§ **Goal of the exercise**
From the listing below, restate word for word the lines from the line containing "Table For the Garden Set - $20" down through the line containing "Optimising the Capability". Exclude pictures.

§ **Dataset records**
⁂
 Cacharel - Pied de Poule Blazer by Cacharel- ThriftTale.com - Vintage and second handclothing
⁂
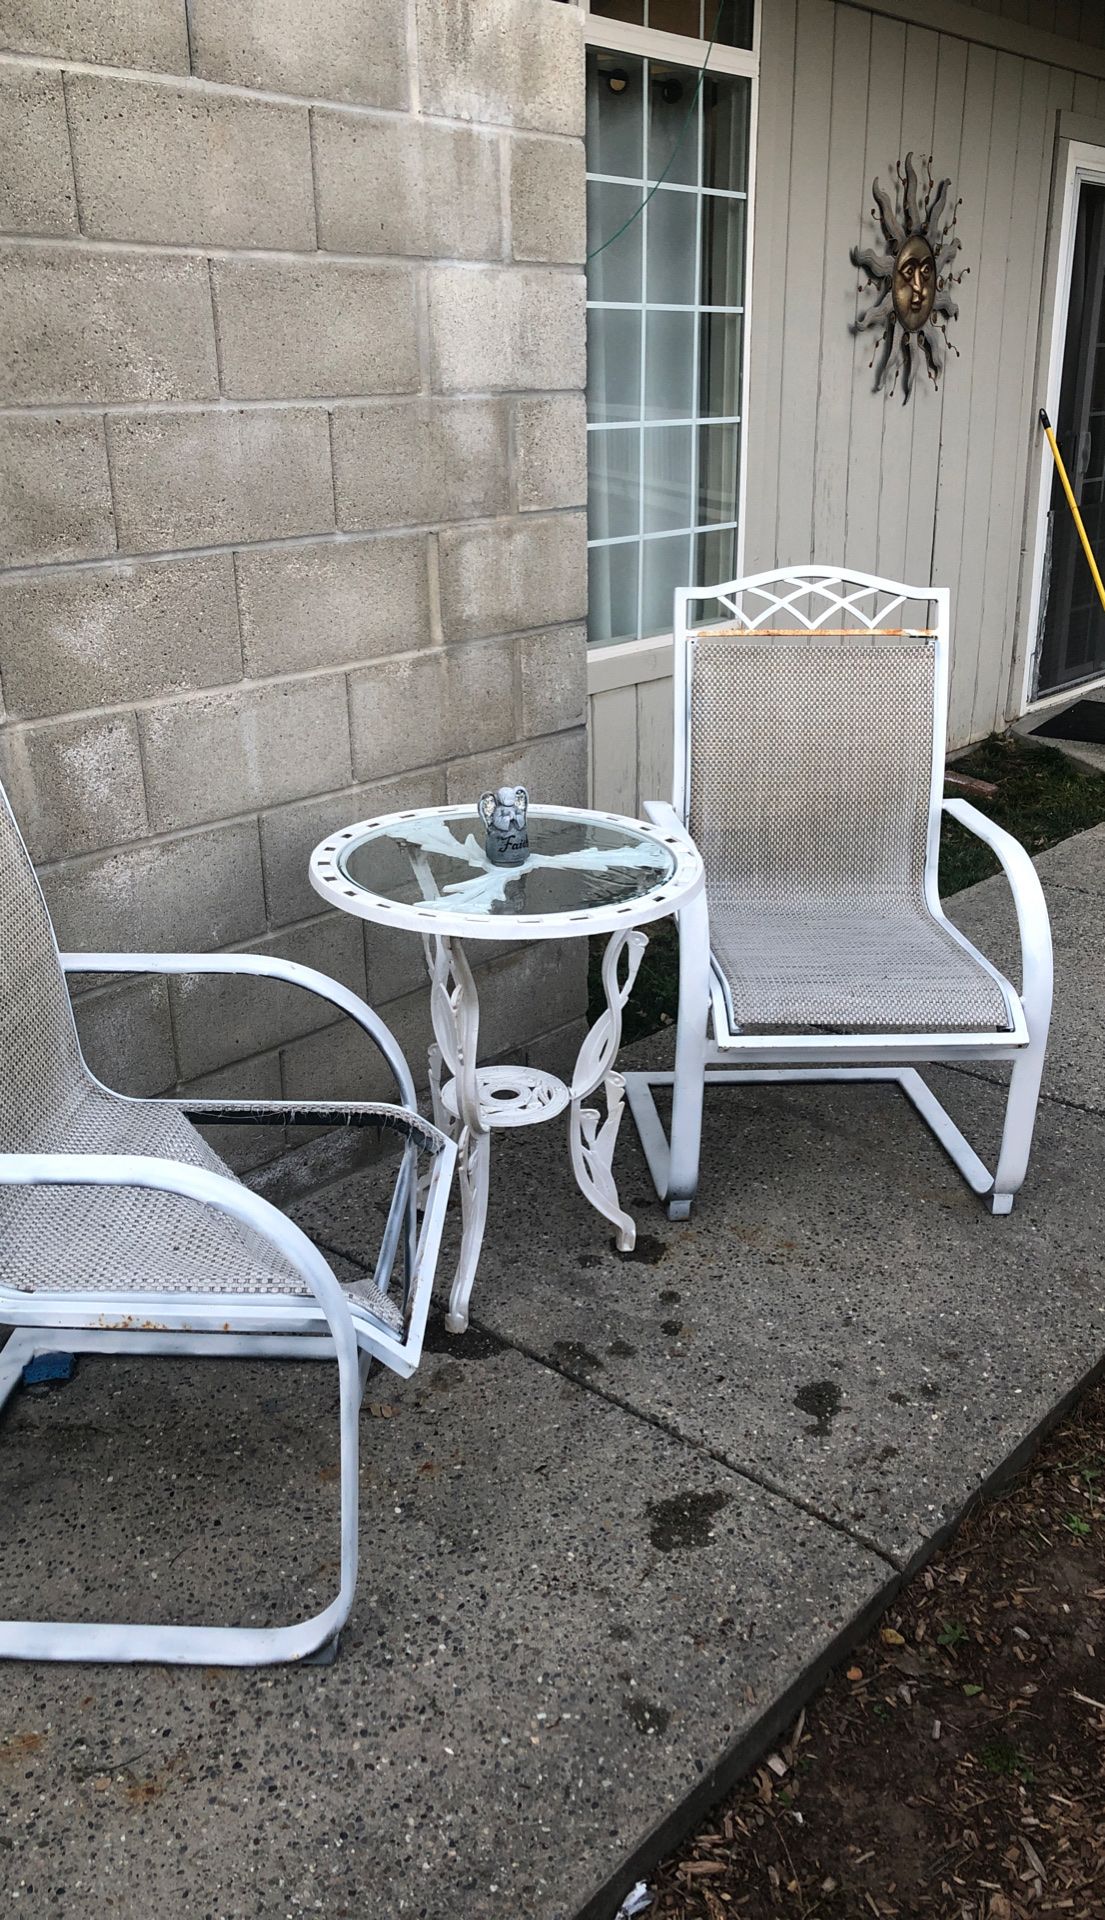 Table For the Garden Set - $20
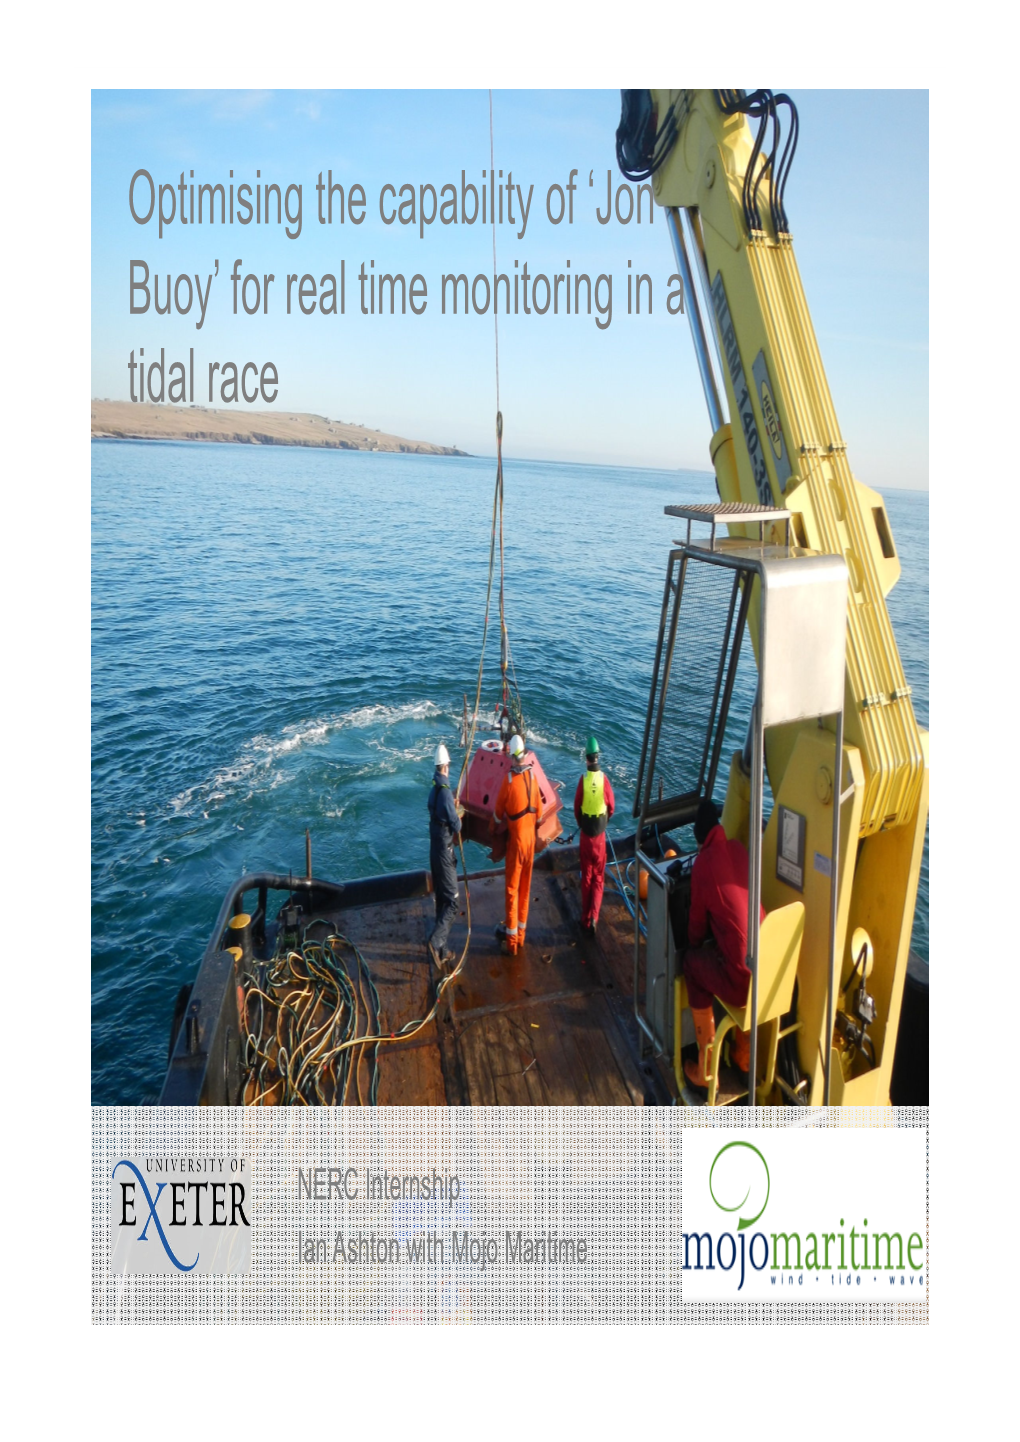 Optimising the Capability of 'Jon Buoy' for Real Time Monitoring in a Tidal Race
⁂
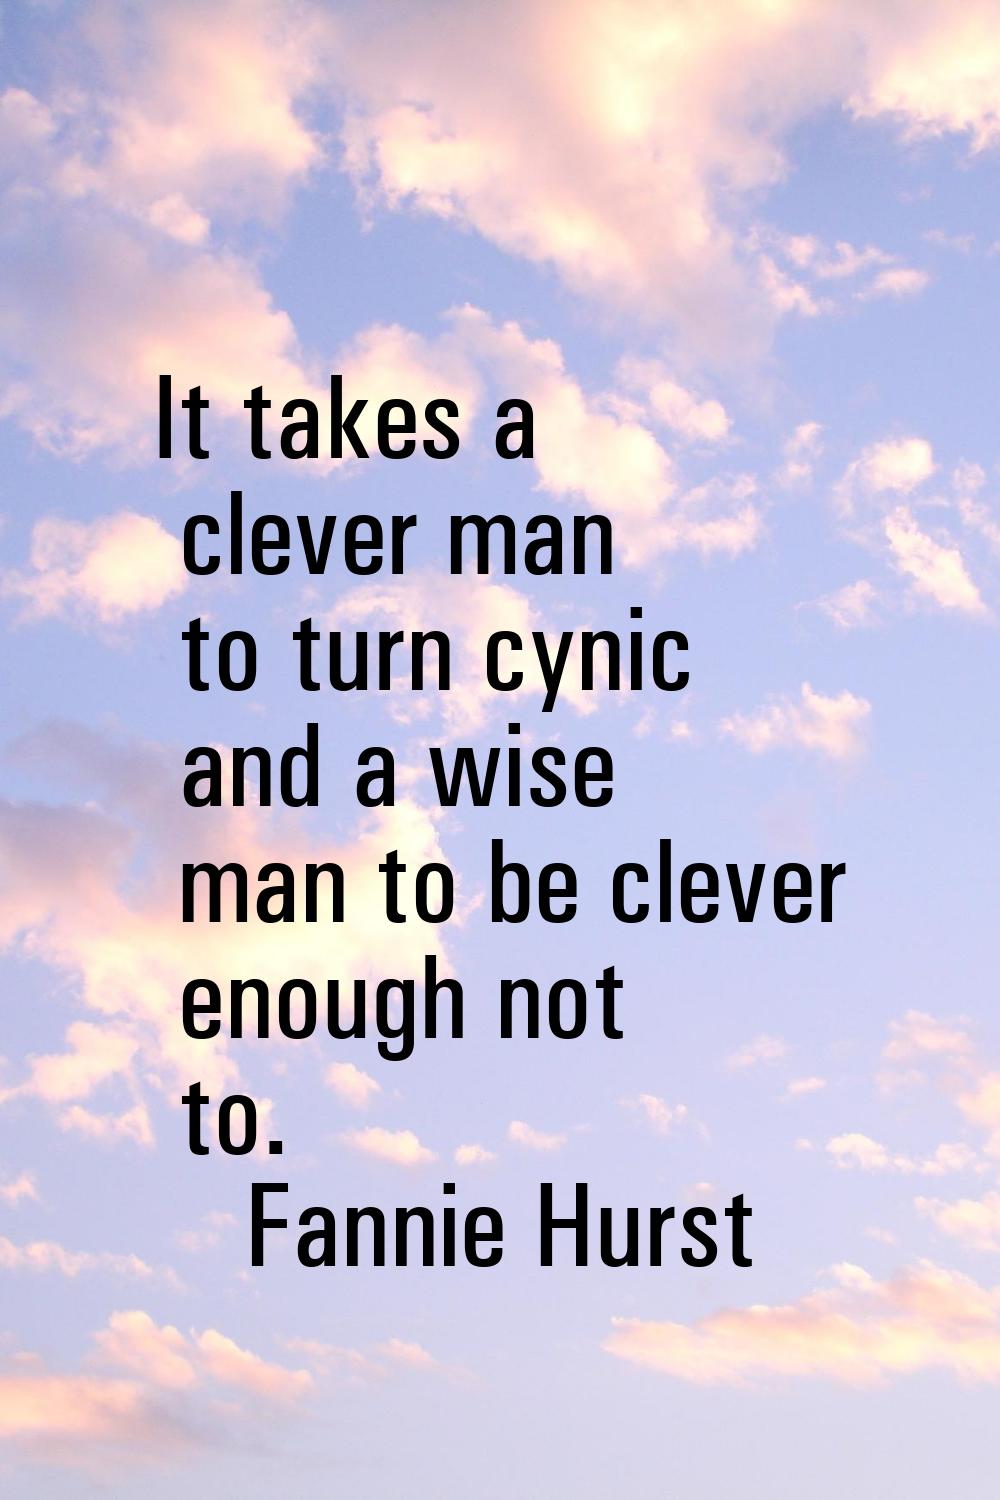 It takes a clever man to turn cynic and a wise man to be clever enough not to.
⁂
§ **Task output**
 Table For the Garden Set - $20
 Optimising the Capability of 'Jon Buoy' for Real Time Monitoring in a Tidal Race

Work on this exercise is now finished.